Mahmoud was attacked in Jordan’s state-controlled press as a traitor, and his son was pressured into resigning his position at the foreign ministry. Jordan’s then-prime minister, Faisal al-Fayez, ordered the mayor of Amman to fire Mahmoud as general director of the city’s cultural center. (Faisal backed off after learning the position was unpaid, but Mahmoud resigned anyway.) The offending poem–titled “Saray,” a Turkish word for “the palace,” but also “the sultan”–became known to Jordanians only after it appeared in a London-based Arabic-language newspaper because no local publisher would touch it.

Mahmoud, who generally avoids controversy, says he wrote “Saray” out of concern that Jordan’s vertiginous corruption threatens the integrity, and perhaps the very survival, of the monarchy. “It was not an attack,” he says. “I care for this country. The poem was a message from the people to the leader against the corruption around him.”
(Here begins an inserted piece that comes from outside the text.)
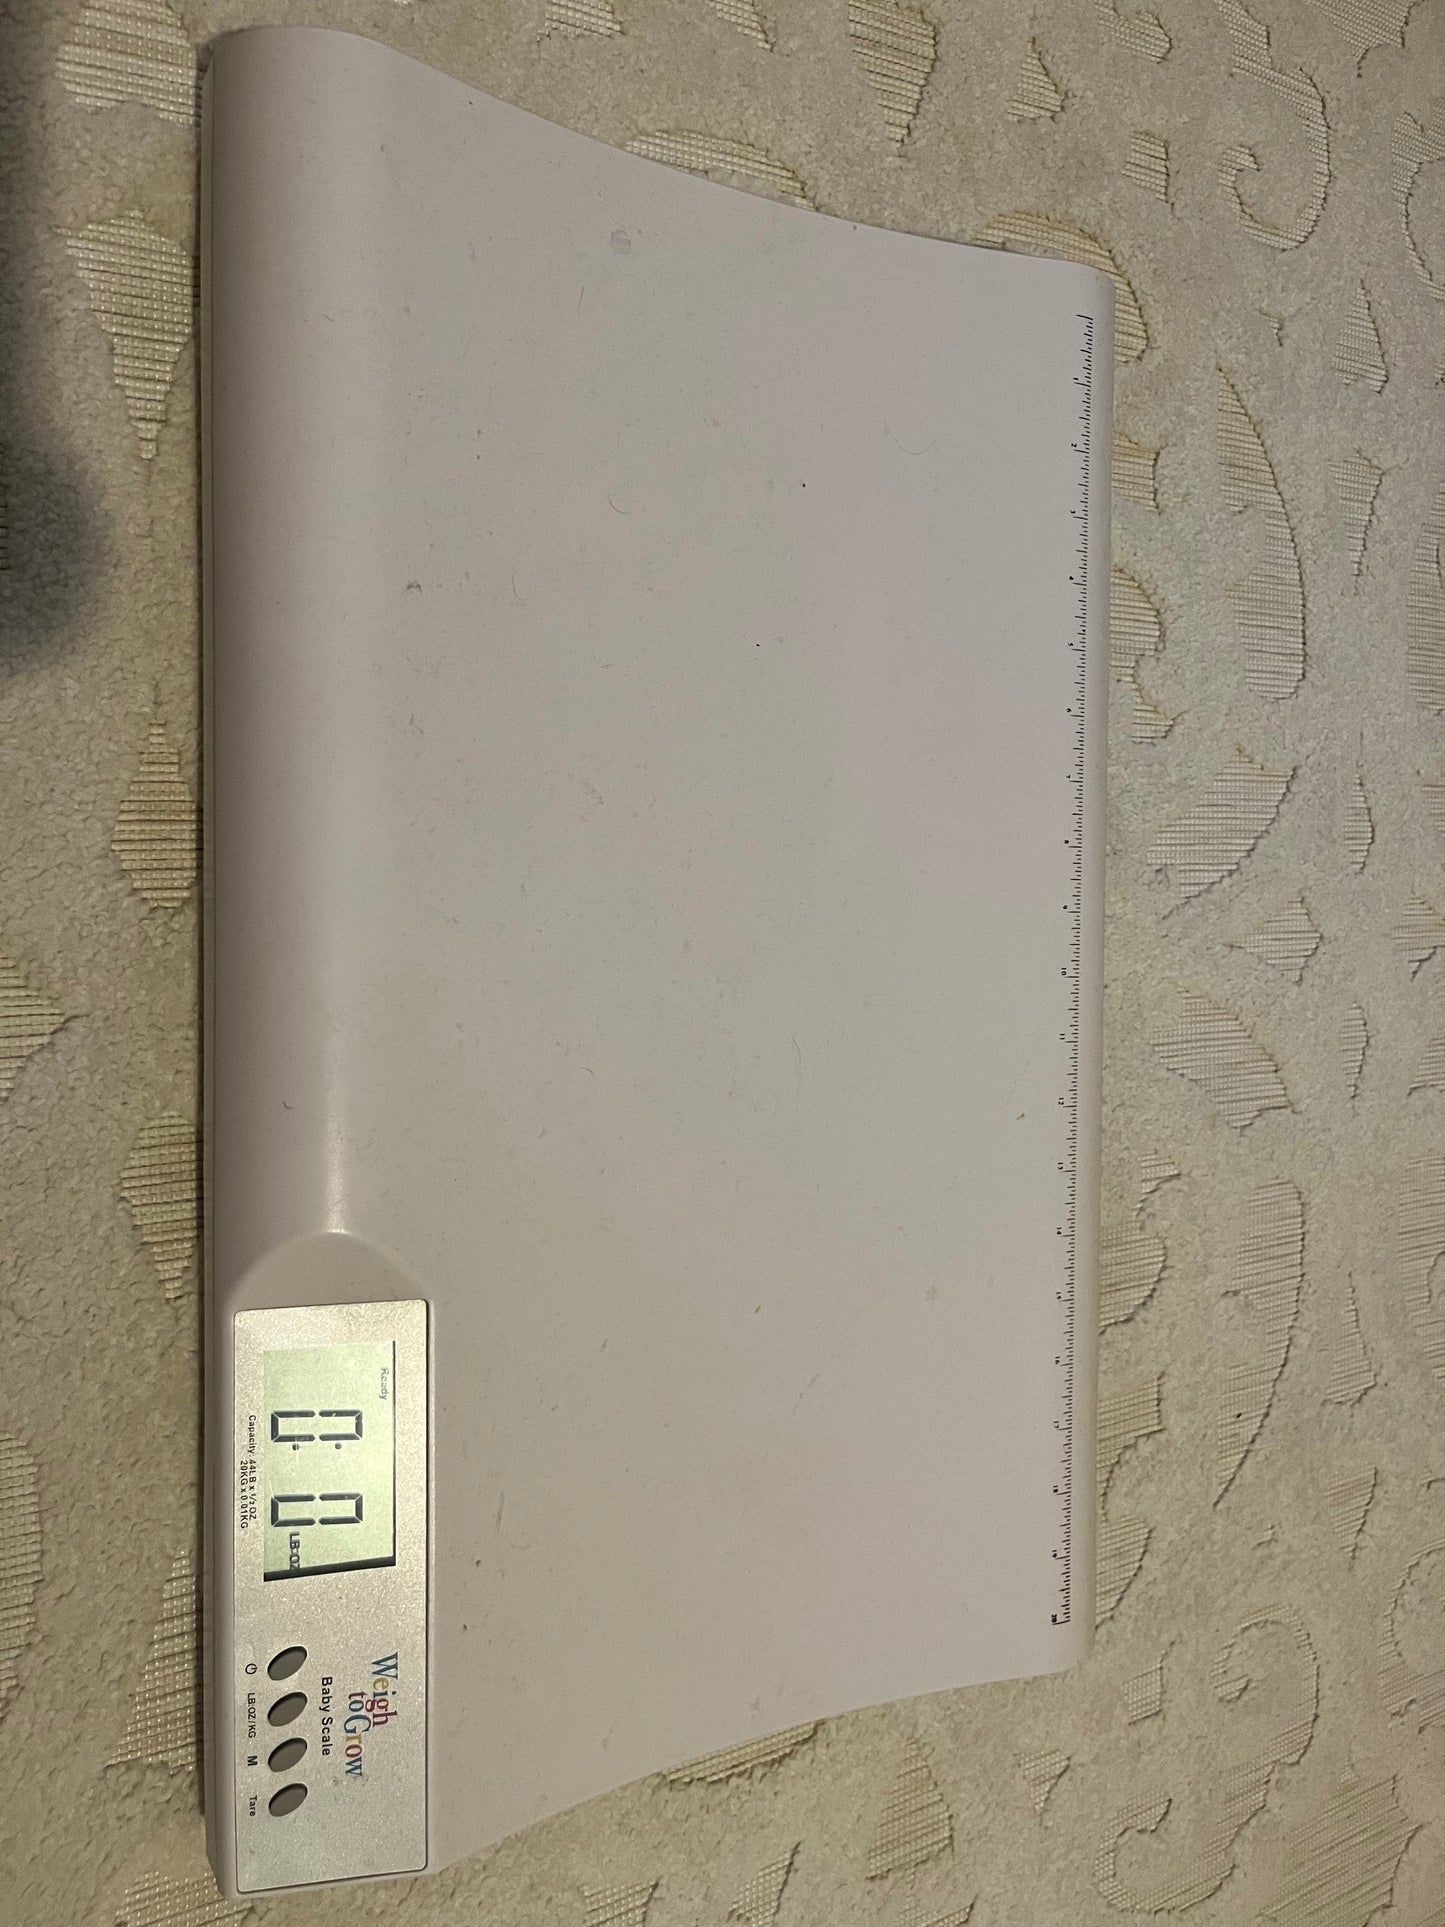 REDUCED: Infant scale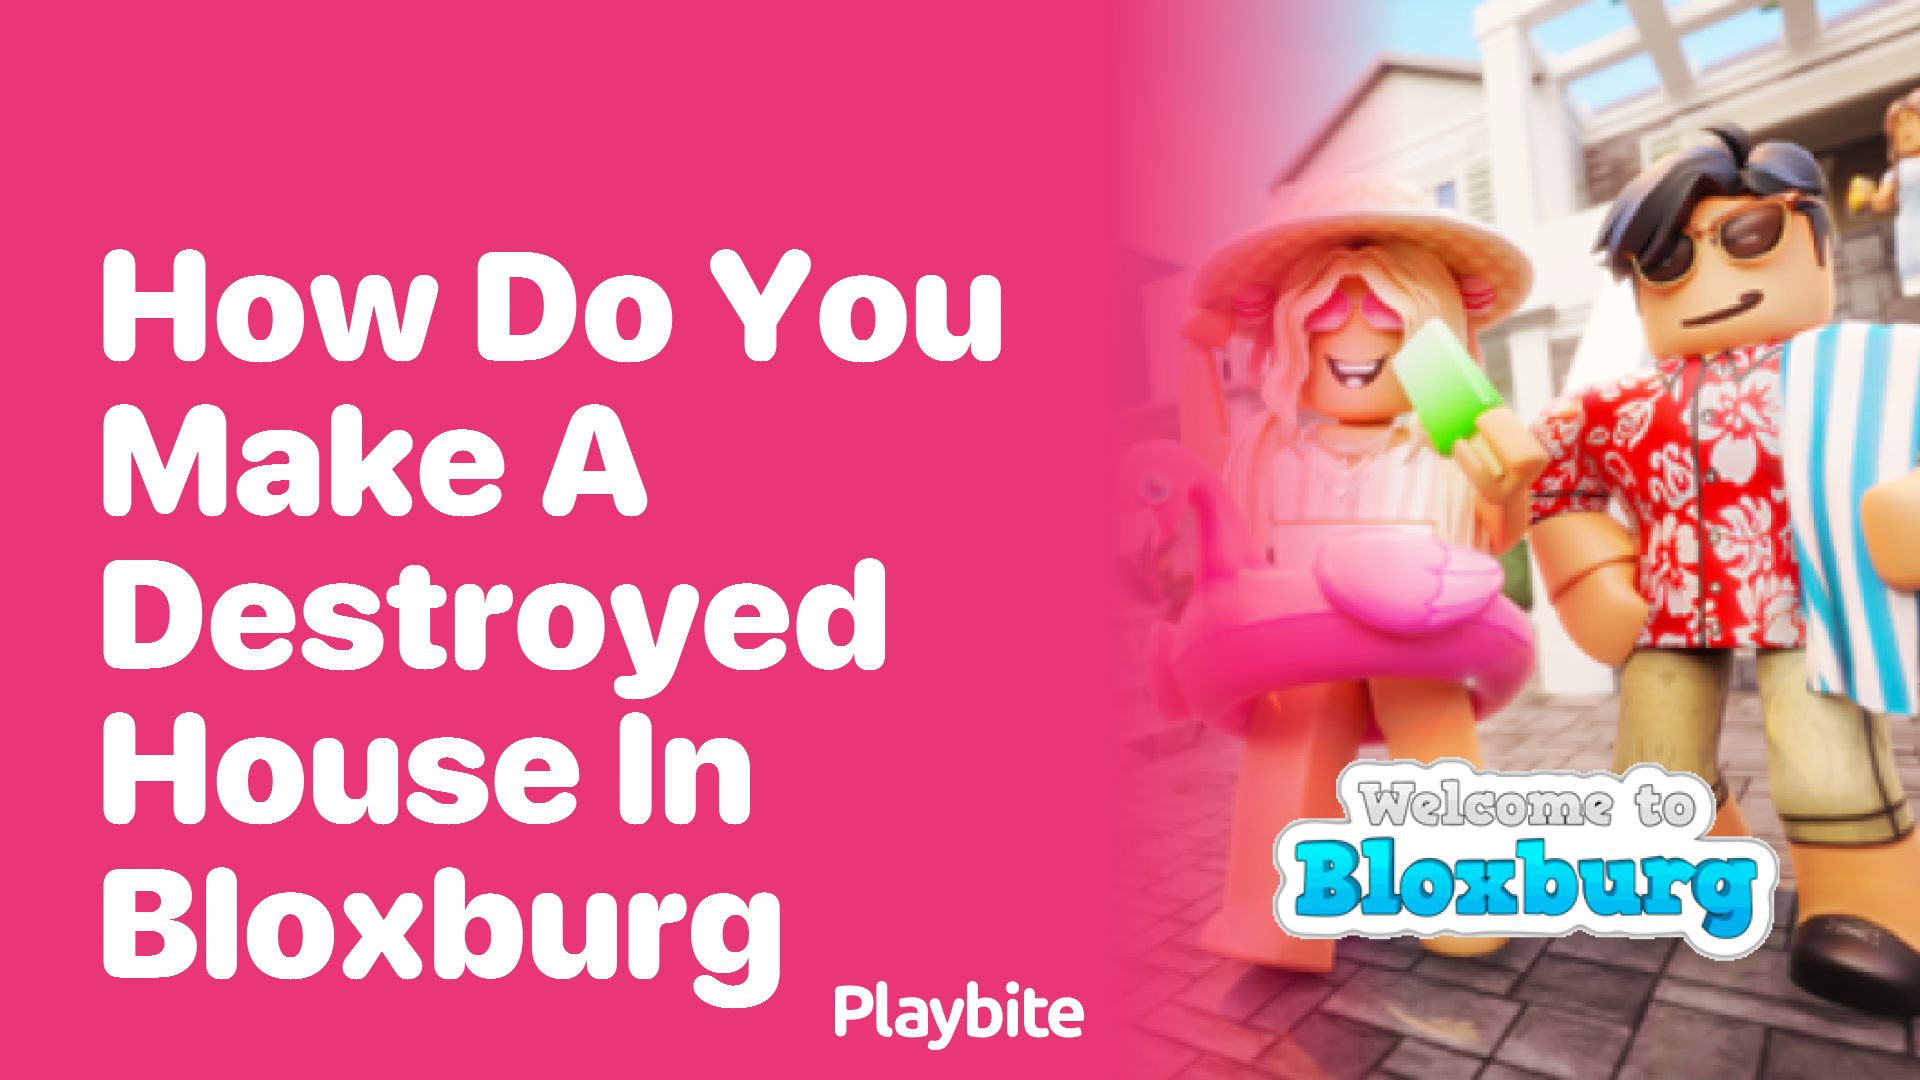 How Do You Make a Destroyed House in Bloxburg?

Mahmoud got off easy. These days, public criticism of the Hashemite monarchy can lead to official harassment, detention, arrest and imprisonment–usually in rapid succession. Since February 1999, when Abdullah assumed the throne after his father died of cancer, Jordan has become increasingly authoritarian. At a time when several Arab regimes are at least feinting toward political reform, Jordan is goose-stepping backward. Freedom of assembly has been restricted, and the threshold for dissent has been ratcheted down as political prisoners accumulate and oppositionists are rattled out of bed for interrogation. Journalists have been intimidated or bribed into spying on colleagues and sources. Street demonstrations have been all but eliminated by laws that require protesters to carry permits that are prohibitively difficult to obtain. The tax burden on ordinary Jordanians has intensified as living standards steadily recede. The appeal of Islamic groups is rising inversely to the monarchy’s diminished credibility, even among the kingdom’s traditionally secular, closely knit and increasingly restive tribes.

Corruption, defiantly uninhibited compared with the low-key looting that percolated under the late King Hussein, has soared. And although diplomats tend to absolve Abdullah of wrongdoing–he is deceived, they imply, by courtiers scheming behind his back–a growing number of Jordanians believe that the 43-year-old monarch is not only aware of the plundering but may be very much a part of it.

“I don’t think the monarchy enjoys any popularity with the people,” says Toujan Faisal, a former member of Parliament who was jailed for 100 days three years ago after she accused the government of graft. “King Hussein tolerated a margin of corruption, but not the extent to which it exists now.”

In short, Jordan has degenerated into the kind of despotic kleptocracy the Bush Administration says it will no longer tolerate. But tolerate it the White House does, inclusive of the roughly $450 million in annual economic and military aid that has become the standard rate for maintaining Jordan’s peace treaty with Israel and its support for America’s “war on terror.”

True, Washington has always indulged Jordan, a buffer state between Israel and the other Arab nations–the country is even shaped like a bottle stopper–by turning a blind eye to its human rights abuses. And it was Hussein, after all, who installed as heir apparent the little-known and unseasoned Abdullah just before he succumbed to cancer. In February the State Department gave Jordan a delicate reproach in its annual human rights report. But beyond that, the kingdom is under little public pressure to fight corruption and allow its rubber-stamp Parliament and feeble political opposition to assert themselves.

“The Hashemites are the fair-haired boys,” says a US government official. “The King is such a sycophant, telling Washington what it wants to hear and bashing people like [Syrian president] Bashar al-Assad, that they get away with everything.”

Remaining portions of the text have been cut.